The added value for biopharma clients is that Novellia can provide health data from sources other than the principal investigator, that they cannot access.

“It’s fine if a patient only goes to Stanford for clinical care, but a woman with breast cancer, on average, has four to five physicians. They’re seeing an oncologist, a nurse specialist, a general practitioner and an OB/GYN,” said Shankar. In that case, Novellia can gather in all the medical records, typically increasing the volume of data 10- to 20-fold.
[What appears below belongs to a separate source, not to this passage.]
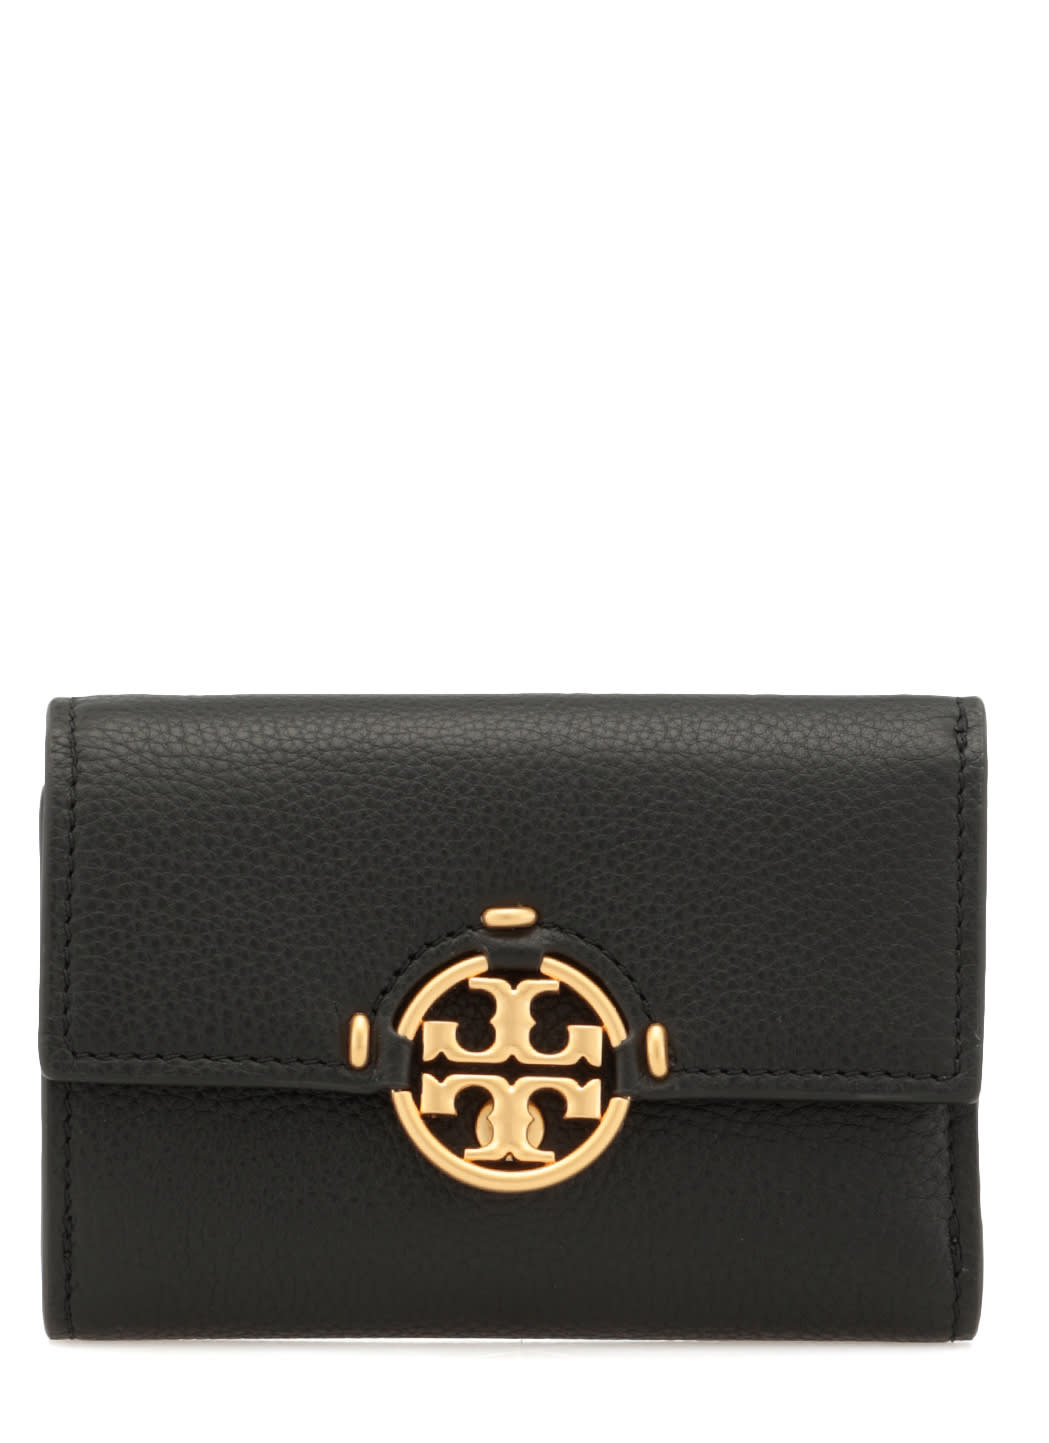 Tory Burch Pebbled Leather Wallet

More sensitive and insightful outputs

The comprehensive longitudinal data from patient records that feed Novellia’s scenario modeling makes for more sensitive and insightful outputs than is the case for models based on time-limited data from patients during clinical trials.

Although only involving a small number of patients, the breadth of data sources to which Novellia has access have provided fresh insights into adverse events in HER2+ breast cancer patients treated with antibody drug conjugates.

Interstitial lung disease (ILD) is an adverse drug reaction associated with targeted antibody drug conjugate therapies for treating HER2+ breast cancer. Based on reports in the medical literature it occurs in 10% to 14% of patients. While the mechanism is not fully understood, it is thought to involve an immune response that drives inflammation in the lungs.

While potentially severe, low-grade cases can be treated with steroids, meaning it is important that patients are aware of, and promptly report, symptoms of ILD. At the same time, clinicians need to be aware of the risk factors.

In Project EVOLVE, Novellia aimed to better understand the incidence and warning signs of ILD in a real-world setting. From the analysis of a half million unique health records, it was shown that only 4.17% of respiratory adverse events were identified as ILD, significantly fewer than reported in the literature, with asthma, colds and COVID-19 accounting for most respiratory problems.

Patient educational materials were tailored based on this insight, leading to improved adherence and greater confidence in self-management of symptoms. At the same time, this knowledge gave healthcare providers greater confidence in their treatment selection and in managing adverse events.

Novellia team photo
Shashi Shankar (CEO), Angeline Chen (Head of UX and Growth), Elliot Katz (CTO). Credit: Novellia.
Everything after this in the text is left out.